6. INDEMNITY. To the fullest extent provided by law, Licensee agrees to
defend, indemnify and hold harmless Licensor, and any of Licensor's
affiliated entities, and their respective agents, employees,
representatives, invitees and licensees, of and from any and all claims,
demands, suits, damages, expenses, penalties, fees, fines, proceedings and
liabilities (including, without limitation, costs of defense,
investigation and adjustment) arising out of or in connection with the
use, occupancy, operation or maintenance of the Space or the Center by,
through or under Licensee.
7. INSURANCE. Licensee agrees that Licensee shall, at Licensee's sole cost
and expense, obtain, maintain and continue in force: 1) Plate glass
insurance covering the plate glass in the Space, if applicable, (2)
Worker's Compensation (statutory limits) and Employer's Liability
Insurance (minimum limits for $500,000.00) and 3) Commercial General
Liability and Property Damage Insurance, each policy of insurance in form
acceptable to Licensor, insuring Licensee and also insuring (as additional
named insureds) (a) Licensor, (b) Licensor's general partner or manager,
as the case may be, (c) Licensor's agent, (d) Licensor's mortgage lender,
(e) Kramont Realty Trust and (f) Kramont Operating Partnership, L.P.
(hereinafter collectively, the "Licensor Parties") against all claims,
suits and actions for or on account of any damage or injury to property or
persons arising out of this Agreement including, without limitation,
activities occurring in, upon or about the Space, Center and/or parking
areas, or any parts thereof, and including without limitation, all damage
from facilities, fixtures or the like now or hereafter at or upon the
Space or any part thereof at all times during the occupancy of the Space
by Licensee in the amount of at least $1,000,000.00 combined single limit
for carts, kiosks and special events, and in the amount of at least
$2,000,000.00 combined single limit for in-line spaces, for injury to
persons or death and damage to property. The policy of Commercial General
Liability insurance shall be written on an "occurrence" basis and not a
"claims made" basis and shall provide that it is primary with respect to
any policies carried by Licensor and that any coverage carried by Licensor
shall be excess insurance. All policies shall be written by an insurer
authorized to engage in the business of insuring risks required hereunder
to be insured in the state where the Space is located. With respect to
each and every policy of such insurance and each renewal thereof,
Licensee, at the beginning of the term hereof and thereafter not less than
twenty (20) days prior to the expiration of each such policy, shall
furnish Licensor with a certificate of insurance executed by the insurer
which shall contain, in addition to matters customarily set forth in such
certificate under standard industry practices, an undertaking by the
insurer to give Licensor twenty (20) days prior written notice of any
cancellation, non-renewal or change in scope or amount of coverage of such
policy. Licensee agrees that all insurance Licensee is required to
maintain under this Agreement shall be with insurance companies of good
credit, satisfactory to Licensor and that the original policies or true
copies or abstracts evidencing all of the aforementioned insurance
coverage shall be delivered to Licensor prior to the date Licensor
delivers possession of the Space to Licensee. If Licensee shall not comply
with its covenants made in this Section, Licensor may, at its option,
consider Licensee's failure to comply a default under this entire
Agreement and/or may cause such insurance as aforesaid to be issued and,
in such event, Licensee agrees to pay the premium for such insurance
promptly upon Licensor's demand as an additional charge.
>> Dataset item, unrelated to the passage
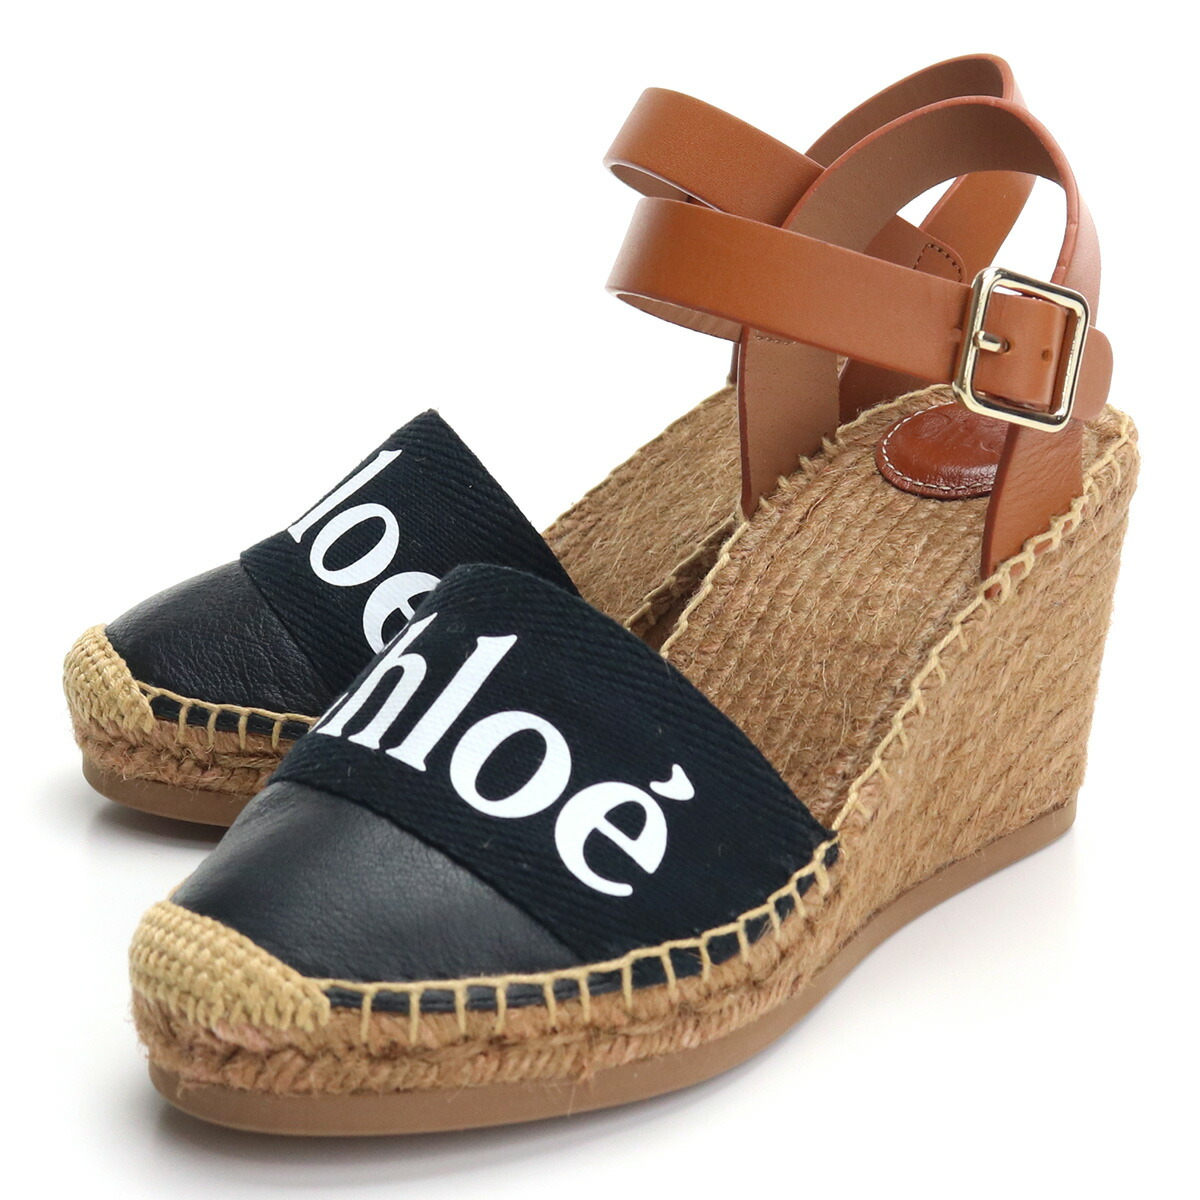 クロエ CHLOE サンダル CHC21U448R4 001 BLACK ブラック shoes-01 レディース

8. DEFAULT. Any failure to perform or other breach of any provision of this
Agreement by Licensee shall constitute a default under this Agreement and
all other agreements or Licenses between Licensor and Licensee, if any.
Any breach or default under any other agreement or License between
Licensor and Licensee shall constitute a default under this Agreement.
Licensor may, upon a default, pursue any and all remedies available to it
under this Agreement and at law or in equity. Such remedies shall include,
but not be limited to, the right of Licensor to terminate this Agreement,
the right of Licensor to terminate Licensee's right to possession under
this Agreement but not to terminate this Agreement, and the right of
Licensor to recover against Licensee damages for loss of bargain, and not
as a penalty, the then present worth of all fees and charges for the
balance of the Term.
9. TERMINATION. Licensee's right to use and occupy the Space may be
terminated upon ten (10) days' written notice by Licensor: (1) for any
reason whatsoever with or without cause or (2) in the event Licensee
breaches any term of this Agreement or the rules, regulations or
directions issued by Licensor. In the event of termination by Licensor,
any deposits or charges paid by Licensee will not be refunded or
pro-rated, except as otherwise set forth herein. If Licensee cancels the
executed License Agreement or fails to complete the agreed upon term,
Licensee will be fully responsible for all charges for the term agreed
upon in this License Agreement, and payment may be demanded in full at any
time by Licensor. Licensee agrees, upon termination notification to
Licensee by Licensor, to immediately cease use and occupancy and
immediately to remove any and all personnel, facilities, fixtures, goods
and other property of Licensee from the Space, Center and parking area, or
any parts thereof. Licensee acknowledges that the Space is being made
available to Licensee as a license (and not a lease) for a limited period
of time and for limited purposes, and that the area where the Space is
located shall be used otherwise by Licensor for the general use and
convenience of patrons of the Center or for construction and occupancy by
a tenant, licensee or other occupant in the Center. Accordingly, Licensee
affirmatively acknowledges the remedies herein contained in Sections 9 and
10 hereof. If any legal action is brought by Licensor or against Licensee,
Licensor shall be entitled to recover from Licensee, Licensor's attorneys
fees, costs and other necessary expenses incurred by Licensor in the
enforcement by Licensor of the provisions of this Agreement, and Licensee
shall pay the same to Licensor upon Licensor's demand therefor. If
Licensee does not vacate the Space as herein before provided by the date
and hour specified by Licensor or otherwise breaches this Agreement by
taking occupancy prior to the Commencement Date or remaining in occupancy
after the Expiration Date (including the failure to remove Licensee's
goods and effects), Licensee shall pay to Licensor, a sum equal to twice
the per diem Minimum Fee specified in 1(G) for each day Licensee holds
over. Such sum shall not be considered a penalty but a liquidation fee
given the inability of Licensor to calculate damages for such breach and
below the market rate of the Minimum Fee for the Space.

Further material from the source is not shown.